The only time to test if an Ebola vaccine works is to conduct a clinical trial when Ebola is spreading. But when faced with an outbreak, countries may refuse to allow such studies, demanding instead that their citizens are given a vaccine that is known to work. Some might argue it would be unethical to use an untested vaccine on some people when there’s another option of known efficacy.
“We don’t have a game plan of how to move forward with this. And Ebola vaccine is really, in a sense, pushing the envelope on regulatory science in terms of some of these questions,” Osterholm said.
Another huge question mark hanging over Ebola vaccines is liability and indemnification — in other words, who should take responsibility if something goes wrong and a recipient of one of these vaccines sues?
Kieny said the WHO’s position is that after Ebola vaccines have been licensed, the buck stops with the manufacturer.
“Once a product is registered, it’s their responsibility. This is one of the risks of the business of being a vaccine manufacturer,” she said. “I think it would be a very slippery slope to start, for any product which is licensed, to provide indemnification. Because this will be a never-ending story.”
But manufacturers — who know Ebola vaccine sales will never cover costs, let alone generate profits — will certainly balk at the prospect of being liable for producing a product that is effectively a good deed.
Dr. Mark Feinberg explained the thinking. Feinberg used to be chief science officer for Merck, and led work there on the Ebola vaccine until he left to become president of the International AIDS Vaccine Initiative in September 2015.
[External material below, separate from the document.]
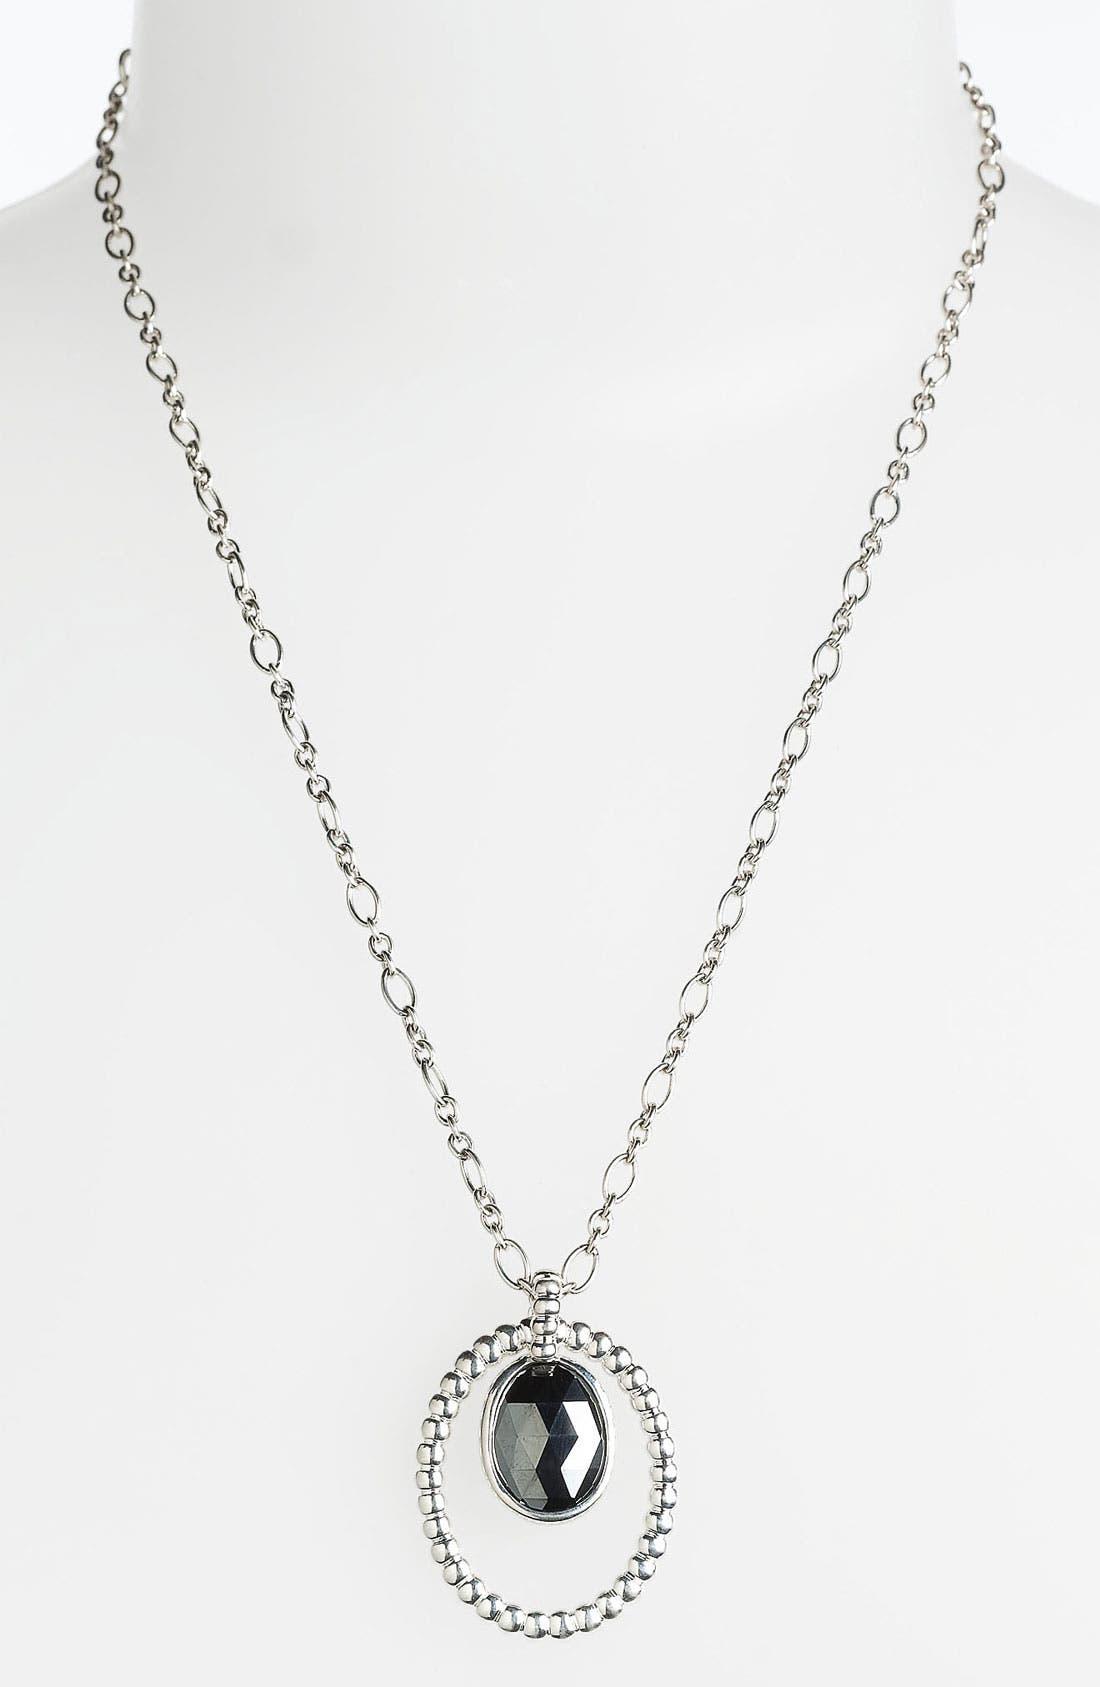 Main Image - John Hardy 'Bedeg' Oval Pendant Necklace

Vaccines that are being created to respond to emergencies are developed on shorter timelines, with smaller clinical trials than one would conduct to test a new vaccine meant to protect against a long-known threat — which increases the risk for manufacturers, he said.
“It’s very frustrating to see that it’s still not resolved,” Feinberg said of the liability question. “Because this is something that will affect every single vaccine that people want to see developed for emerging infectious diseases or pandemic flu.
“Part of it that it’s complicated. And part of it is that I don’t think there’s adequate alignment and trust among the different stakeholders. And part of it is … that the impetus to solve it diminishes when the issue is no longer in the headlines.”
Feinberg said the obstacles outlined in the Team B report must be overcome, if the world wants vaccine manufacturers to answer the call the next time a new infectious disease emerges.
“If you can’t figure it out for Ebola, there’s no reason to think that you’re going to be able to figure that out for any other emerging infectious disease response,” he said. “And unless the private sector of vaccine developers — who are going to be critical partners in this effort — have confidence that you’re actually going to be able to finish the job, then they’re going to be much more hesitant to involved.”
The report also suggested the need for a new public-private partnership to champion completion of the work. One such organization is the newly formed Coalition for Epidemic Preparedness Innovations, established with funding from a number of heavy-hitter foundations and several governments. Its goal: to spur development of vaccines for emerging disease threats.